Their armament was to be four 12.7 cm quick firing guns, with 720 rounds of ammunition, and a range of 17.4 km; eight 3.7 cm anti-aircraft guns, with 16,000 rounds; twelve 2 cm anti-aircraft guns, with 24,000 rounds of ammunition; two triple 53.3 cm torpedo tubes, with 18 rounds of ammunition; and 50 mines.

Their propulsion was made up of six MAN type 12Z32/34, 24-cylinder (in a 2 × 12 configuration), two-stroke, 'V'-form diesel engines, which had a 320-millimeter (13 in) bore, a 440 mm (17 in) stroke motor, and were made of welded steel, which were placed on three shafts of unknown diameter.
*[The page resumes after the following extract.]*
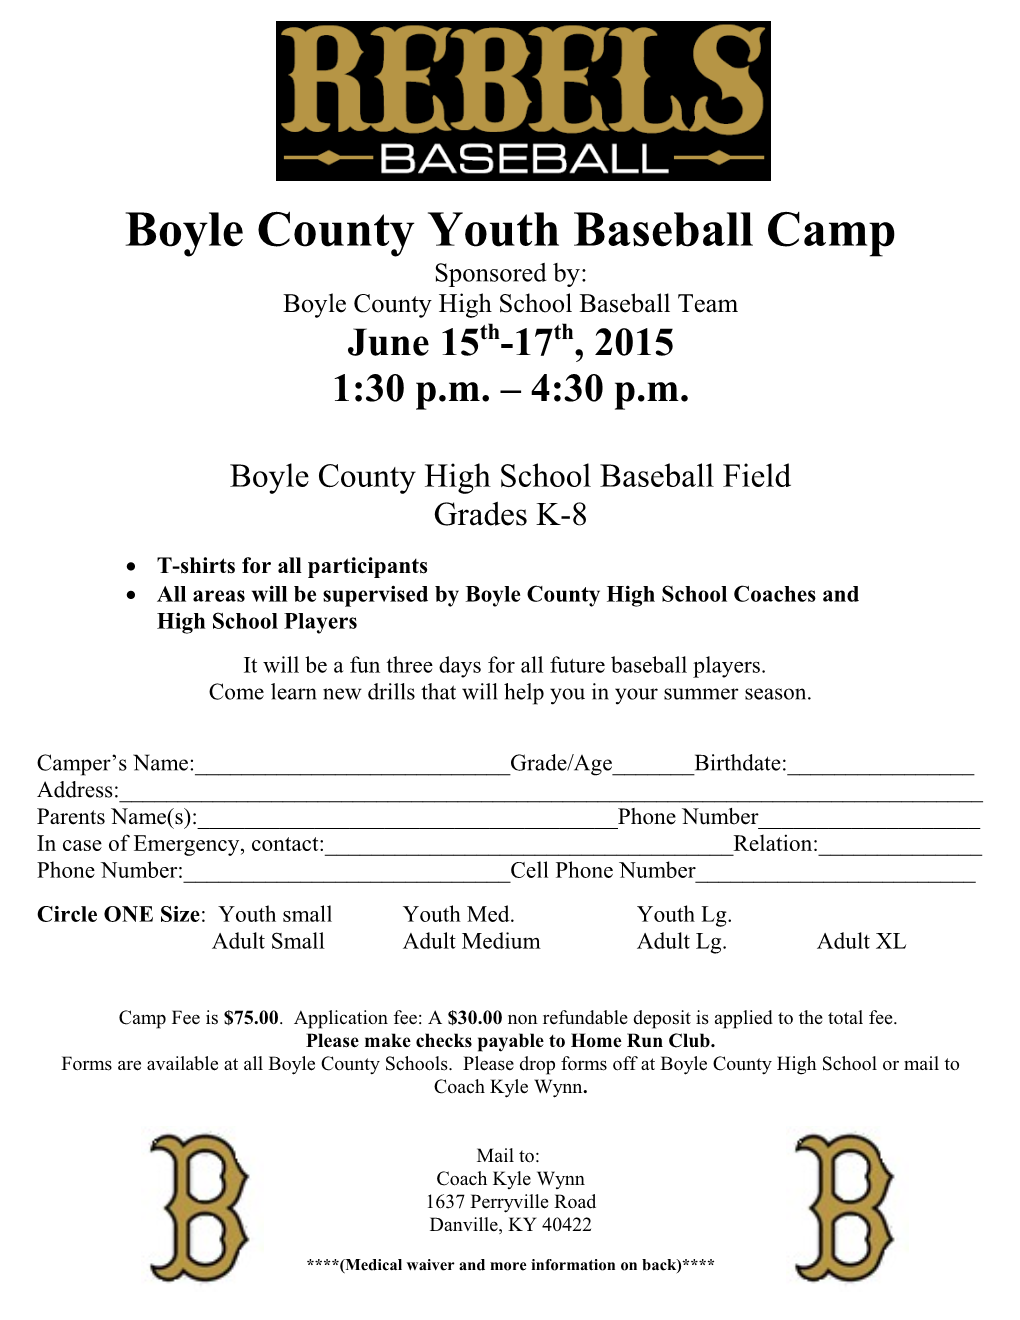 Boyle County Youth Baseball Camp

The two outer shafts were directly connected to one 5,620 shp diesel engine. The central shaft connected to four diesel engines, with each central engine producing 11,650 shp. Their planned electricity plant is unknown. This setup was designed to give a total output of 57,000 hp-electric or 57,120 BHP, giving them a top speed of 36 kn. They were to carry 533 t of diesel fuel, to give them a range of 5,500 nmi at 19 kn.

==Construction and loss==
Z51 was ordered from the German shipyard company Deschimag on 25 November 1942, and launched on 2 October 1944. She was sunk during a major air raid on Bremen, on 21 March 1945. She had just been moved away from a fitting-out quay at the Deschimag yard, although largely incomplete: she had only her forward and after shelter decks, no machinery was installed and her shaft tunnels had been welded up to make them watertight. From this, it has been suggested that her launch was done only to clear the slip for U-boat building. She was lying abandoned, with her portside to the eastern end of Kohlenhafen, alongside Röchling wharf.

During the air raid, she was hit by two bombs, although one may not have hit her directly; one struck the vicinity of the bulkhead between compartments X1 and X11, breaking off the fore-end just behind her No. 2 gun pivot. A later bomb hit her aft, fracturing the stern aft of her No. 4 gun position and causing her quarterdecks to hang at an angle. At this point, numerous holes and cracks had formed in the hull, causing her to flood with water and sink to the bottom. Later on, a crane from the nearby dockyard fell across her deck, above her after motor room. After the war, on 21 January 1948, the Weser Port Salvage Authorities called for tenders to assist in her breaking up. A number of quotations were given, ranging from 130,000 to 200,000 RM (Reichsmark), and from four to 13 months' duration. Eventually, a contract was placed on 17 February 1948, with Deutsches Dampfschiffahrts Hansa, for 132,000 RM and eight months of work. Her breaking up was finished in February 1949. Her four diesel engines were never installed due to the war and were left on MAN's testbeds in Augsburg. Two were later seized by the Allies during the postwar occupation of Germany. One surviving engine was retained by MAN and displayed in its company museum until it was transferred to the Auto & Technik Museum in Sinsheim in 1982.